Git: how my life has improved since last month when I used SVN

9 minute read

I've switched from SVN to Git (more git-svn actually) close to a month ago and that had to be a leap of faith. Rationally convincing someone that a DVCS is better is pretty hard because overall the life in SVN land is not that bad or does not appear to be. Note that I am using git-svn so I don't benefit from all the power of DVCSes. While nothing replace actually trying it, I thought it was worth the time to explain what I like about this new tool to help people jump too.

This is not a post on why merging is superior in Git compared to SVN (this is something you need to experience), it's a post on how Git is making my life easier.

This post is split is a few sections:

  • some intro
  • how to import a SVN repo into Git (feel free to skip this tutorial of you are interested in what I liked in Git compared to SVN)
  • use case: multitasking in isolation
  • use case: backporting bug fixes
  • use case: writing better commits and commit histories
  • resources
General

If I had to summarize, Git gives me more freedom than SVN. I am not constrained by the tool in any way:

  • it can follow whatever workflow I want
  • it is fast
  • as a net result my commits are clearer

I't hard for me to say that but since the move I do enjoy committing stuffs (I know, that's pretty scary).

The bootstrap

Here is a small tutorial section for people willing to import a project from SVN to Git and keep a bridge between the two. Due to a bug in git-svn for https imports, I am using Git 1.6.5.1 and not the 1.7.1 version.

mkdir project; cd project;
git svn init --trunk=my/svn/repo/project/trunk/ \
             --tags=my/svn/repo/project/tags \
             --branches=my/svn/repo/project/branches \
             my/svn/repo/project

You can optionally create a file containing a conversion between SVN logins and the committers names and email addresses

jdoe = John Doe <jdoe@foo.com>
agaulois = Asterix <asterix@gaule.fr>

In the logs, every time git-svn finds agaulois, it converts it to Asterix <asterix@gaule.fr>. If you want to do that, you need to create this file. Don't be afraid to miss a couple of logins, if you do, git-svn will stop and ask you to add it. In your Git repository directory, run

git config svn.authorsfile ~/dir/myauthors.txt

The next step is to fetch all the information. This is long, very long. The good news is that you can stop it and restart later.

git svn fetch

Once that is done, you are good to go. To update your Git repo with the new commits from SVN do

git svn rebase

To commit your set of local commits to SVN, do

git svn dcommit

Many people, especially in the open source community, consider DVCS as a bad thing because it encourages committers to keep their work locally and not share with others. In reality, it does not. People who share frequently will continue to do so, people who don't still don't and should be fired. Same as usual. In practice for me, I dcommit every 4 to 6 hours.

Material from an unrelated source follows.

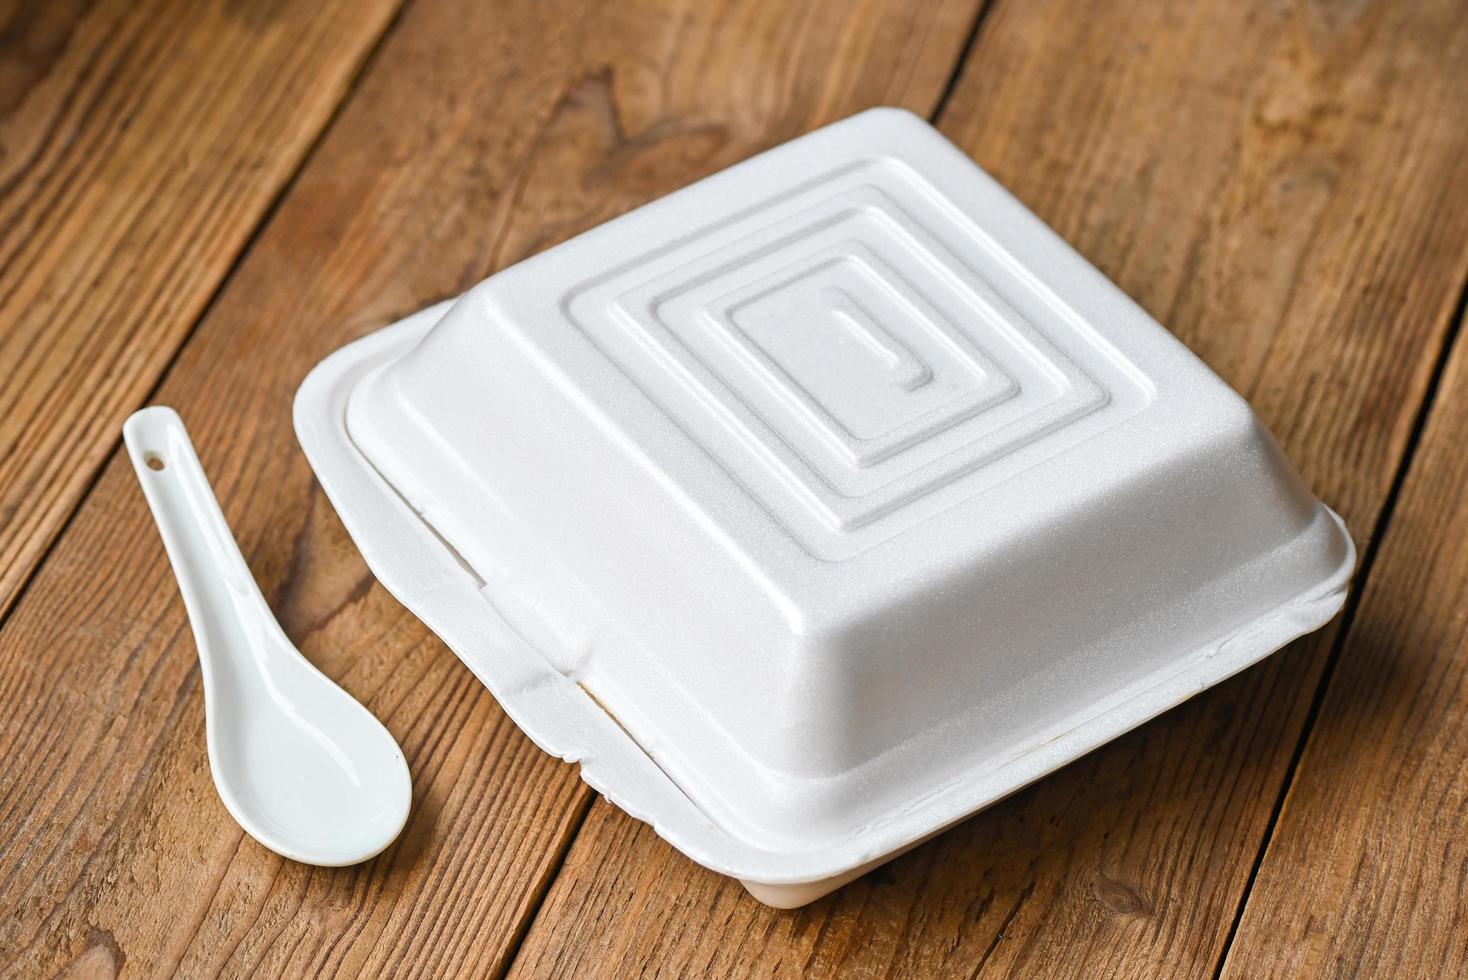 Lunchbox-Schaum, Essensbox zum Mitnehmen, Straßenessen - gefährlich für die Gesundheit Abfall Müllschaum Lebensmittelkonzept foto

I do recommend to import one SVN project per Git repository. You will typically get several Git repos per SVN repo. The rule is import the biggest unit that you tag / branch in isolation in SVN. For example, for Hibernate, I've several Git repos:

  • Hibernate Core (which contains all the modules)
  • Hibernate Validator
  • Hibernate Search
  • JPA API
  • Bean Validation API
  • Bean Validation TCK

All of these have generally independent release cycles and version numbers. Apparently it is possible to aggregate Git repositories via the notion of superproject but I have not tried.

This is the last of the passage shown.